Open Source Today (2024-09-20): Alibaba Unveils Ovis 1.6 – A New Multimodal Language Model
Explore the latest AI projects: Alibaba Ovis 1.6, CogVideoX, GRIN-MoE, Void code editor, and EzAudio, driving innovation in multimodal models and efficiency.
Here are some interesting AI open-source models and frameworks I wanted to share today:
Project: Alibaba International Ovis 1.6
Ovis (Open VISion) is a new multimodal large language model (MLLM) designed to align visual and text embeddings in a structured way.
This project improves the model's performance by using high-resolution images and optimized training data.
Ovis 1.6 introduces a visual tokenizer, visual embedding table, and large language model architecture. It uses a learnable visual embedding table to convert continuous visual features into structured visual tokens. These visual tokens are processed together with text tokens for multimodal tasks.
https://github.com/AIDC-AI/Ovis
Project: CogVideoX-5B-I2V
Zhipu released the CogVideoX series model CogVideoX-5B-I2V, along with its annotation model cogvlm2-llama3-caption.
The team developed an efficient 3D variational autoencoder (3D VAE), which compresses the original video space by 98%, greatly reducing training costs and difficulty for video diffusion models.
The training loss includes L2 loss, LPIPS perceptual loss, and GAN loss from a 3D discriminator. You can input “one image” plus a “prompt” to generate a video. CogVideoX now supports text-to-video, video extension, and image-to-video tasks.
https://github.com/THUDM/CogVideo
Project: GRIN-MoE
😁
GRIN-MoE is an efficient sparse expert model with 6.6 billion activated parameters, excelling in code and math tasks.
It uses SparseMixer-v2 to estimate gradients related to expert routing, instead of traditional MoE training where expert gating proxies gradient estimation.
GRIN-MoE works without expert parallelism or token dropping during training. It’s designed for memory/compute-constrained environments and low-latency scenarios, aiming to speed up language and multimodal model research.
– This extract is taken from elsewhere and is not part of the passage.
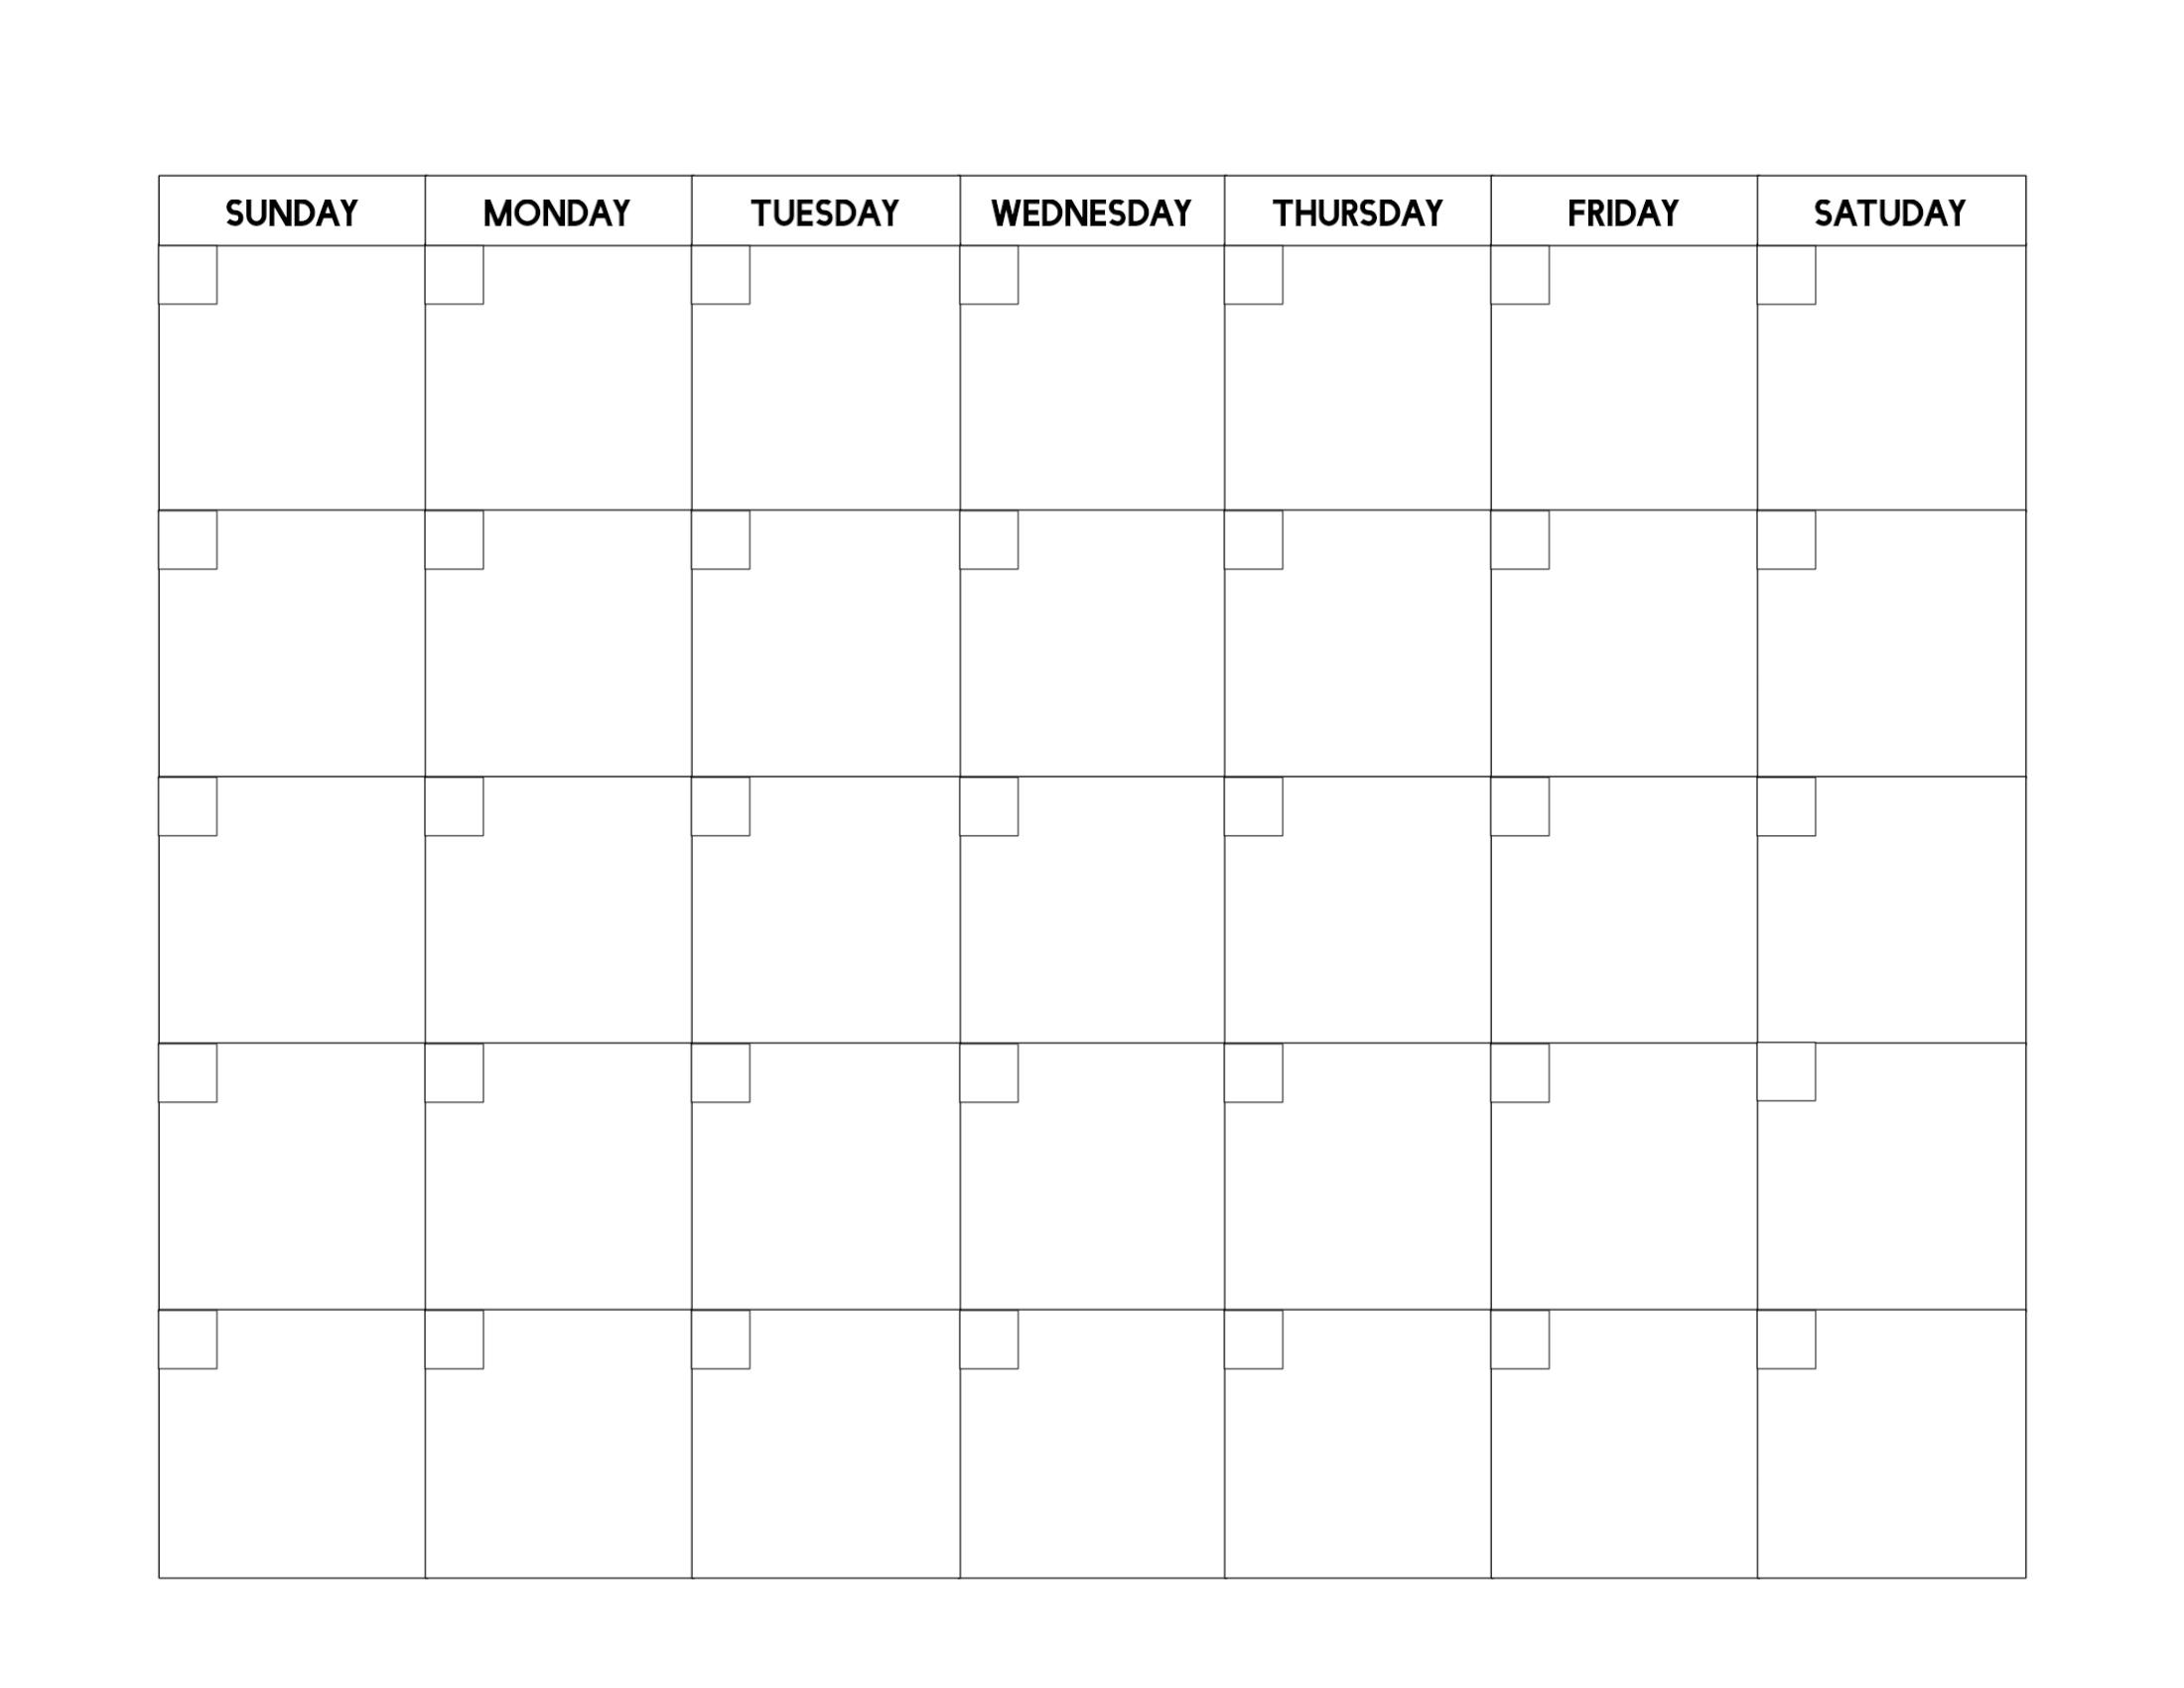 Free Printable Blank Calendar Template - Paper Trail Design with Printable Blank Calendar Template

https://github.com/microsoft/GRIN-MoE
Project: Void
Void is an open-source code editor project, a fork of VSCode.
It aims to provide developers with a powerful coding environment, integrated with OpenAI features like ChatGPT and Copilot.
Void offers a wide range of extensions and plugins to help developers increase coding efficiency.
https://github.com/voideditor/void
Project: EzAudio
EzAudio is an advanced text-to-audio model based on diffusion. It aims to create high-quality audio for real-world applications while reducing computing demands.
EzAudio combines efficient diffusion transformers to generate audio faster while keeping high sound quality.